On the primary pyrolysis products of torrefied oak at extremely high heating rates in a wire mesh reactor

Torrefaction is a key process for biomass energy densification ahead of its utilisation in pyrolysis, gasification or combustion, and therefore the changes it originates have been the subject of multiple studies. Most of them employ low heating rates, in the range of thermogravimetric analysers (TGA), typically below 1 °C s⁻¹ or high rates (100–1000 °C s⁻¹) in reactors where tars undergo considerable secondary reactions following release from a particle and the temperature history of the sample is not well defined, such as entrained flow or fluidised beds. This study aims to analyse the behaviour of torrefied lignocellulosic biomass (oak) under fast pyrolysis in with very controlled temperature history and absence of secondary reactions between evolving volatiles and chars in a wire mesh reactor (WMR), which allows determination of primary products. To this end, oak was firstly torrefied in a grey-King reactor to provide samples from mild to severe torrefaction (210–300 °C).

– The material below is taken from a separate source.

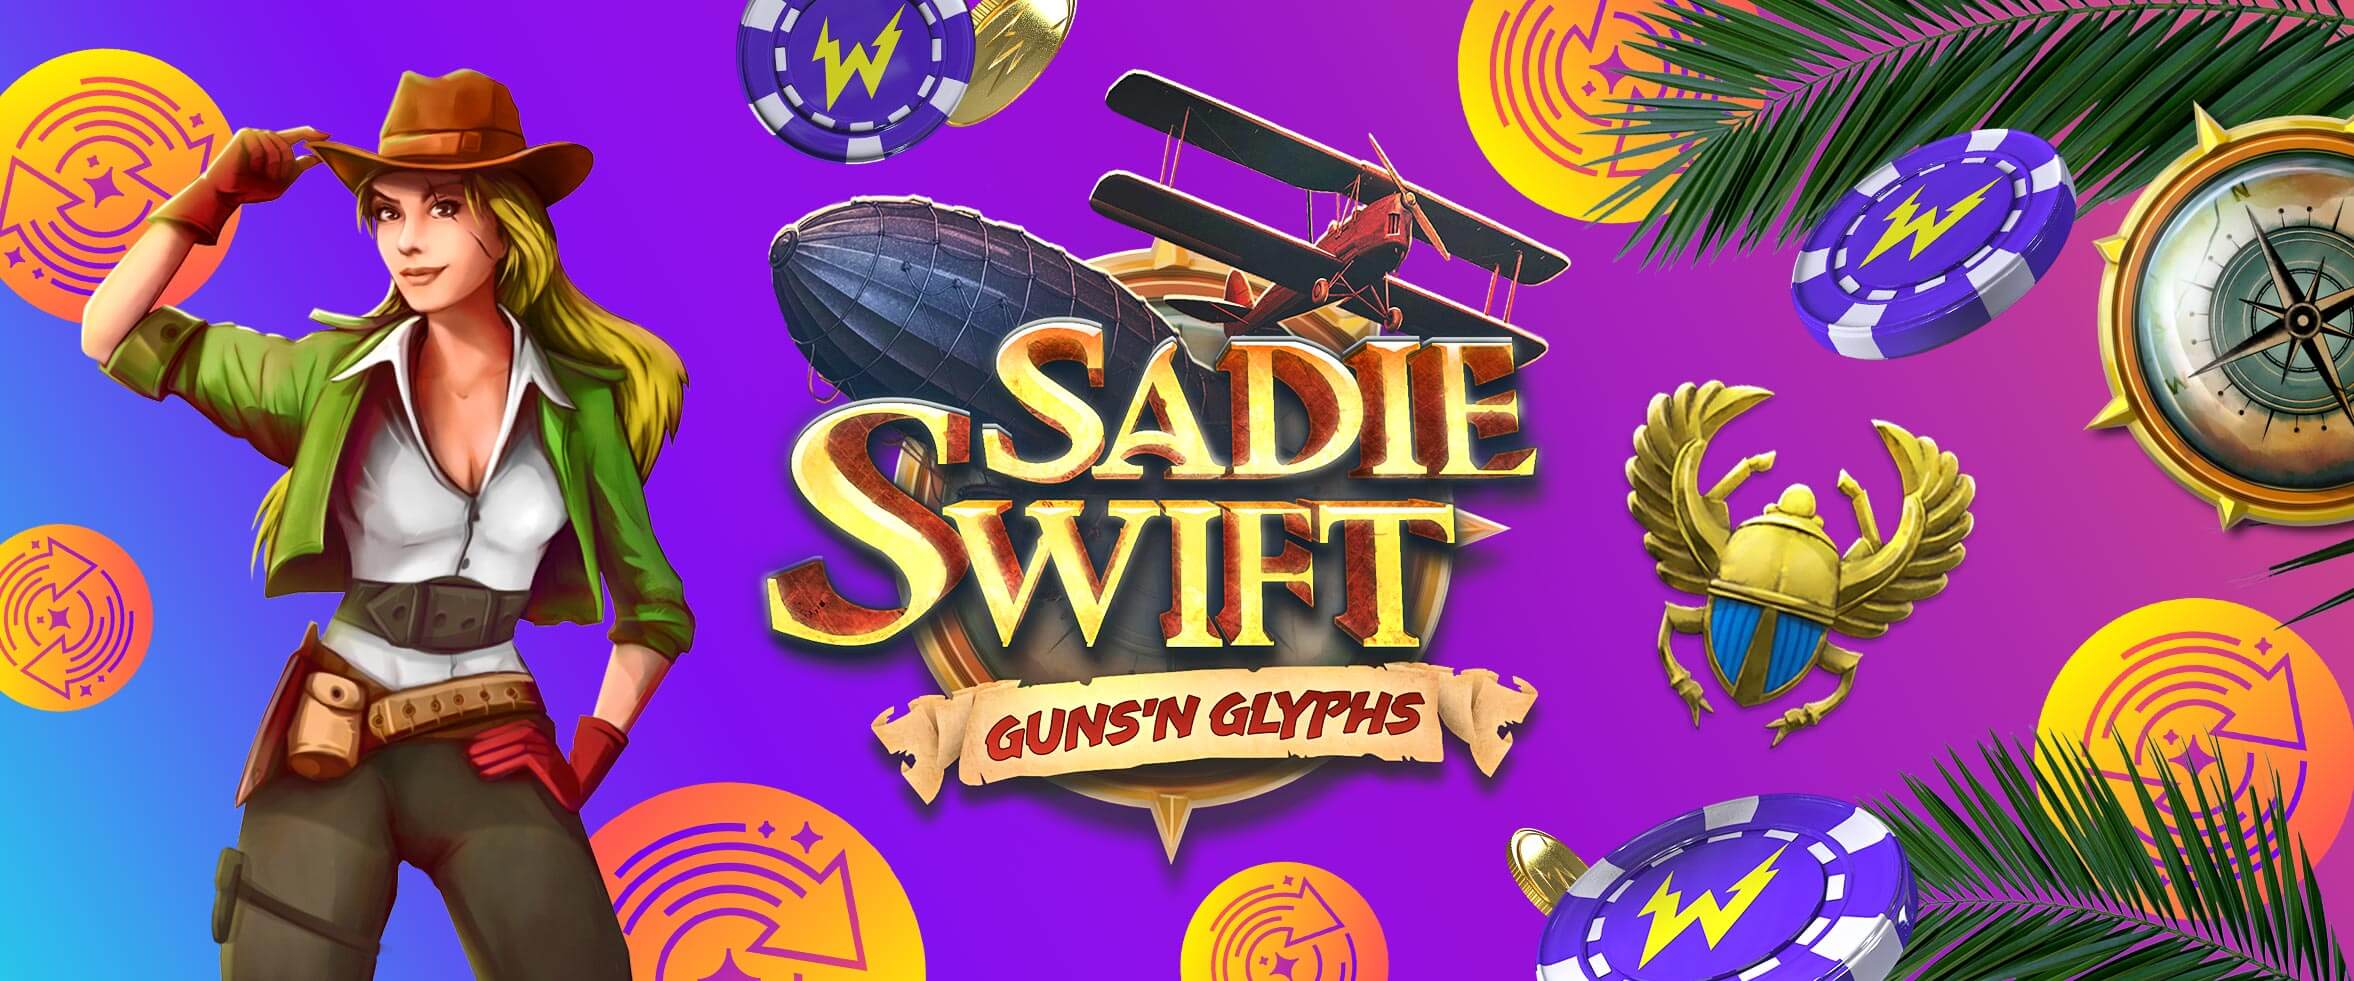 Sadie Swift: Guns ‘n Glyphs - New Slot from Kalamba

The raw and torrefied oaks were pyrolyzed/gasified, at 1000 °C s⁻¹ and 850 °C in the WMR using He and CO₂ atmospheres. All samples showed high volatile production, in excess of 80 wt.%, but with a clear drop with increasing torrefaction temperature. The char yields from the WMR in CO₂ were lower than in He, reflecting a degree of char gasification. However, char deactivation at the higher torrefaction temperatures caused a sharp decrease in the extent of gasification from 32 wt.% for Raw Oak to 6 wt.% for oak torrefied at 300 °C (Oak-300). This is a consequence of the predominance of chemical effects such as enrichment of carbon, which increased from 46.5 wt.% for Raw Oak to 54.3 wt.% in Oak-300 and depletion of oxygen, which led to greater aromaticity and structural order in the char with torrefaction temperature, over physical changes observed by scanning electron microscopy (SEM) revealing increasing porosity.